Here’s what it means, and why it’s critical to understanding how artificial intelligence platforms like ChatGPT and Midjourney operate.
What is an AI corpus?
Those who studied Latin in school will immediately know that corpus means “body.” (The modern word for a dead body—“corpse”—is derived from corpus.) Others might recognize the word corpus because of its use in a legal mechanism still in place today: habeas corpus. This phrase literally means “you should have the body” and it ensures that anyone arrested has the right to appear before a judge (thus, the judge “has the body” of the person arrested) to determine if that arrest is lawful.
But when used in the artificial intelligence realm, the term “corpus” doesn’t refer to a physical body at all.

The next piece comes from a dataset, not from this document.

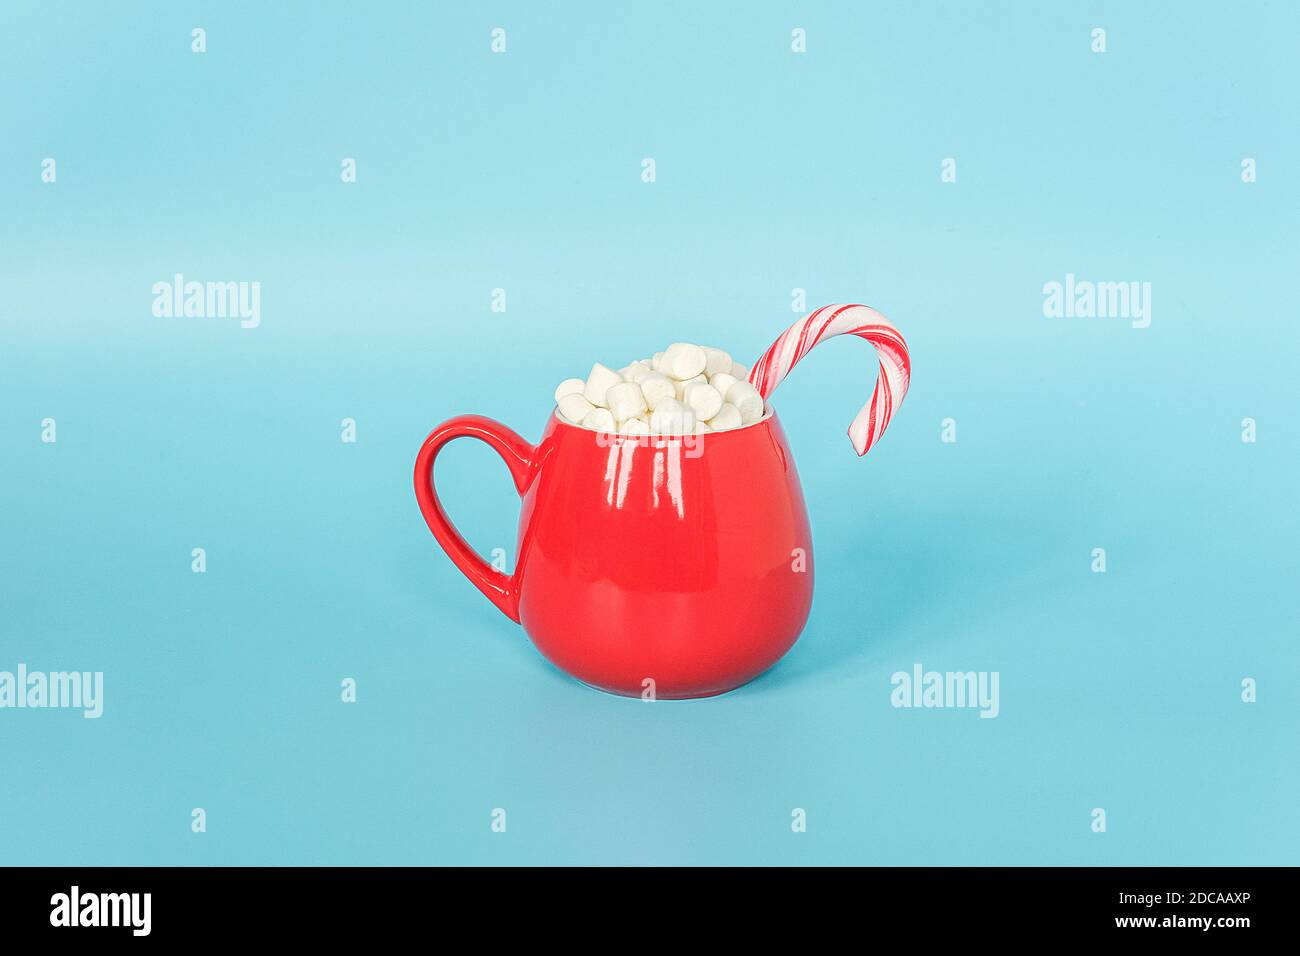 Grande coppa rossa di marshmallows con canna di lollipop su sfondo blu. Buon Natale o buon anno concetto. Stile minimo, Vista superiore, disposizione piatta, Copia Foto Stock

Instead, it refers to the metaphorical “body,” or collection, of data that was used to train the AI. This corpus is the material the AI reviews to become intelligent in whatever it was designed for.
Every AI’s corpus will be different, because it is humans who decide what kind of data they want to train an AI on. And the corpus the humans decide to train the AI on will depend on what they want the AI to be proficient in.
Types of corpora
There is no limit to the types of corpora (the plural of corpus) that can exist. What makes up an AI’s corpus simply depends upon what the human creator of the AI intends for it to do.